ERROR: type UnionAll has no field parameters
Stacktrace:
 [1] getproperty
   @ ./Base.jl:43 [inlined]
 [2] isinplace(f::Reactant.Compiler.Thunk{…}, inplace_param_number::Int64, fname::String, iip_preferred::Bool; has_two_dispatches::Bool, isoptimization::Bool, outofplace_param_number::Int64)
   @ SciMLBase ~/.julia/packages/SciMLBase/wfZCo/src/utils.jl:290
 [3] isinplace (repeats 2 times)
   @ ~/.julia/packages/SciMLBase/wfZCo/src/utils.jl:246 [inlined]
 [4] #_#155
   @ ~/.julia/packages/SciMLBase/wfZCo/src/scimlfunctions.jl:4249 [inlined]
 [5] OptimizationFunction
   @ ~/.julia/packages/SciMLBase/wfZCo/src/scimlfunctions.jl:4226 [inlined]
 [6] top-level scope
   @ ~/OneDrive/Education/Studium/Mathematik/ScientificComputing/RandomizedPositiveMass/src/MWE.jl:44
Some type information was truncated. Use `show(err)` to see complete types.

Is there some other (better) way to get an OptimizationFunction that uses compiled Reactant functions?

I can avoid this error if I do something like Optimization.OptimizationFunction(loss_function; grad=enzyme_gradient_compiled), but having to mix compiled and non-compiled functions here seems weird. And even then, I quickly get errors related to the gradient being called in unexpected ways (this is with Optimization.Sophia, Optimization.LBFGS fails even earlier by trying to convert a ConcretePJRTArray to a pointer, I tried a bunch of other optimisers from Optim and Optimisers as well, but got a variety of different errors).
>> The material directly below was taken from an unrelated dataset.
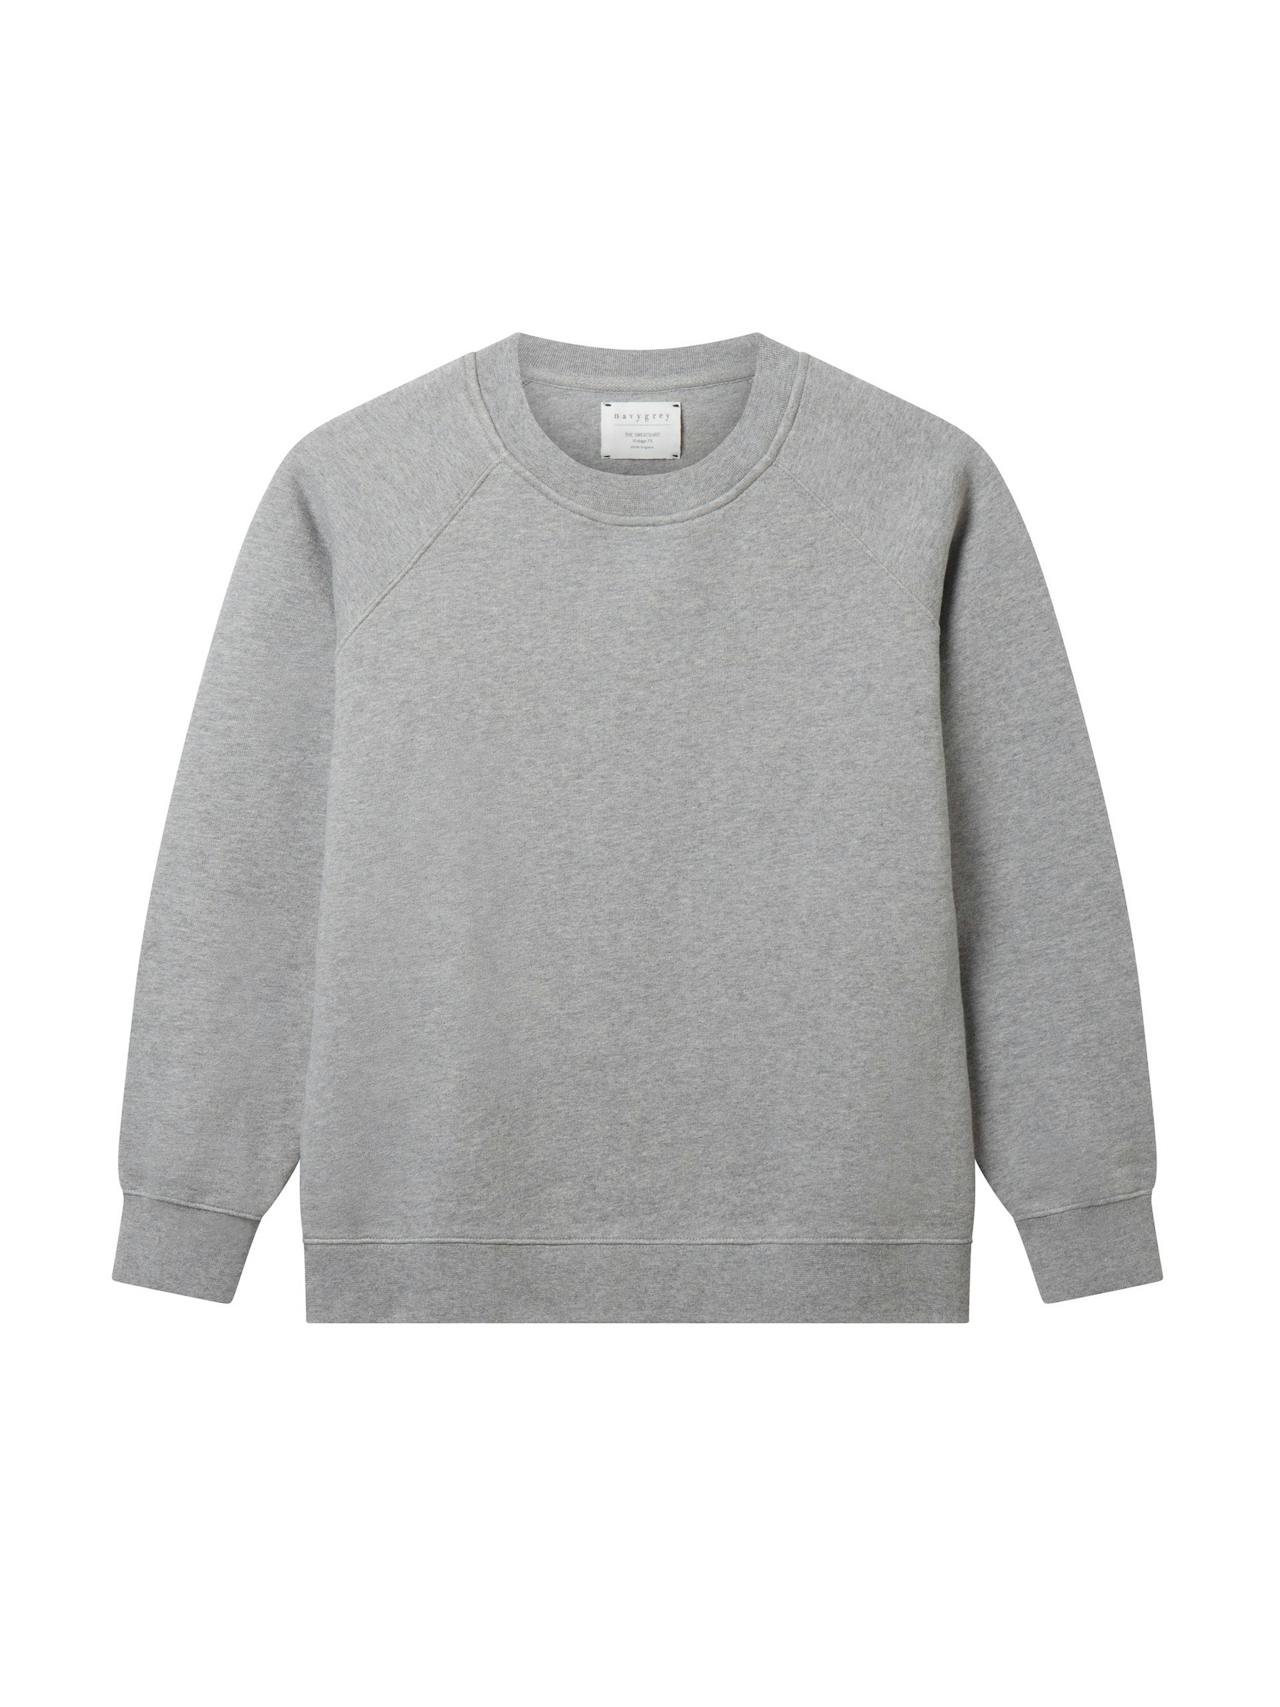 The vintage-ft sweatshirt in slate grey

honestly that looks like a bug in scimlbase.isinplace. cc @ChrisRackauckas

We might need to specialize it for Reactant. But I assume you already worked around it by just setting iip? OptimizationProblem{true}(…)
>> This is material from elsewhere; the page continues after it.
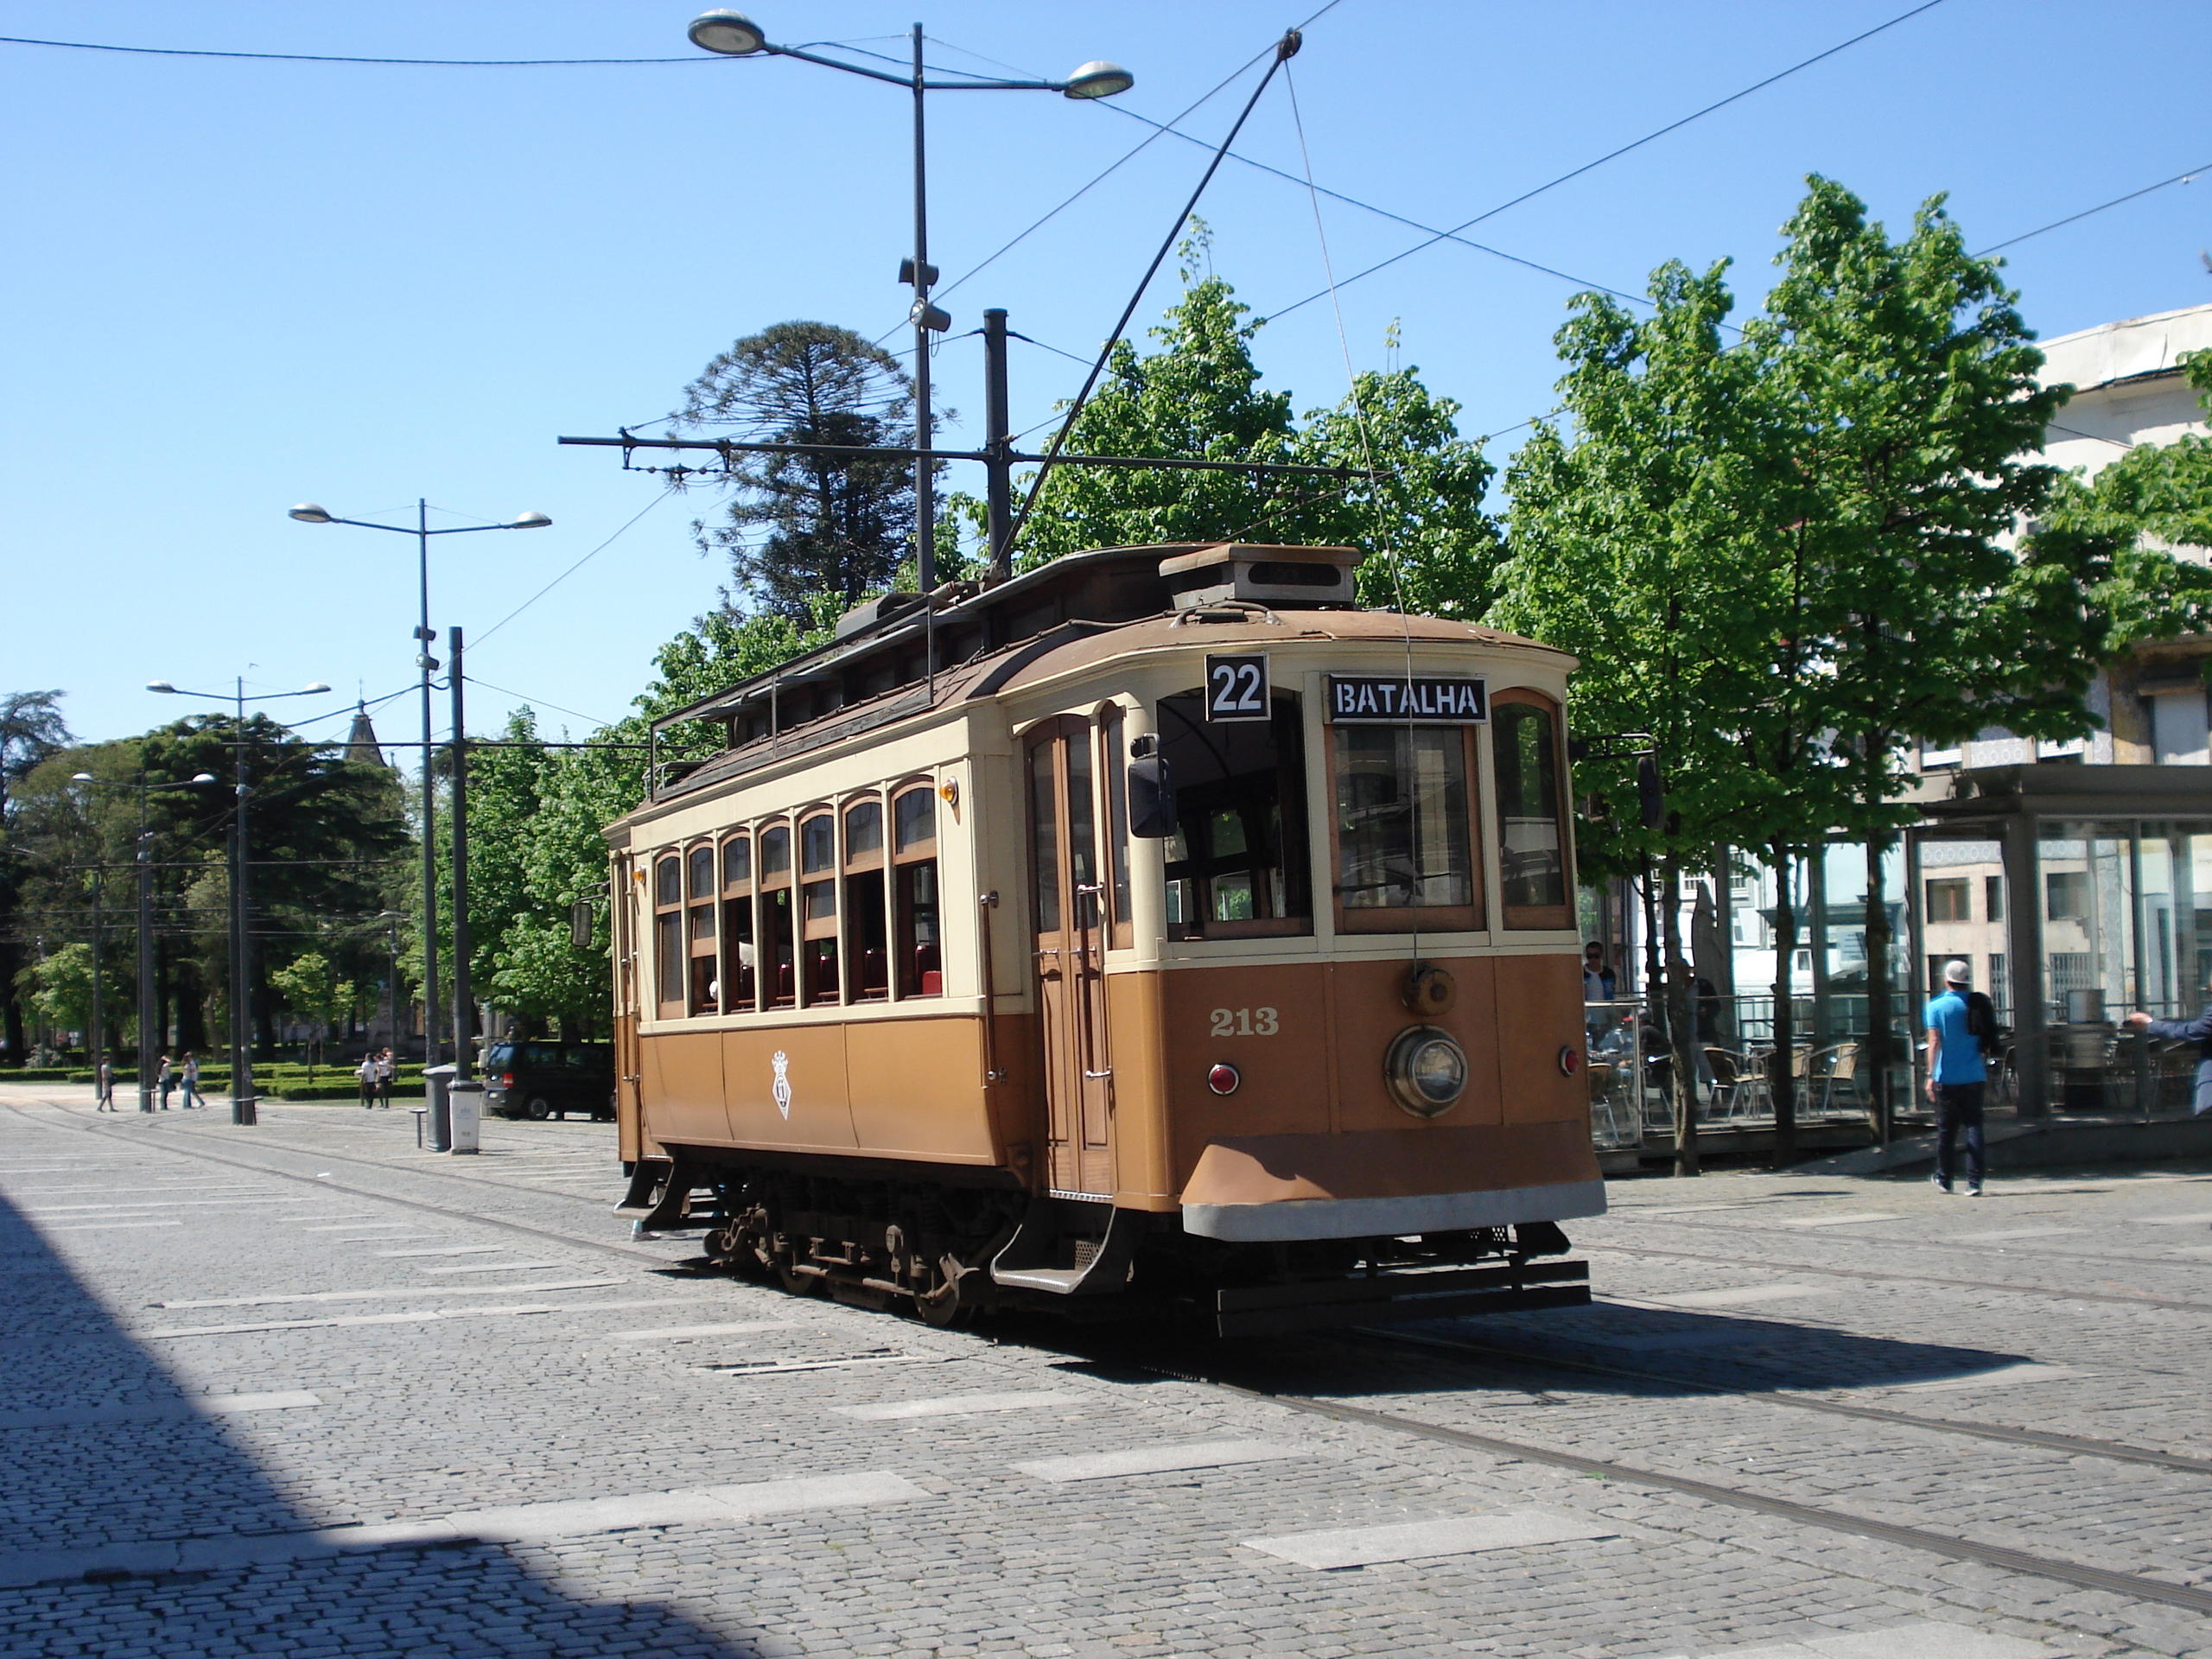 1-Day Porto Walking Tour

I tried to set OptimizationFunction{false}, but that didn’t prevent the check. As far as I can see the constructor for OptimizationFunction always tests the passed function.

But in general OptimizationProblems and Reactantcompiled methods should interop nicely? I couldn’t find anything on that front, only saw the tangentially related Add Reactant support · Issue #969 · SciML/Optimization.jl · GitHub.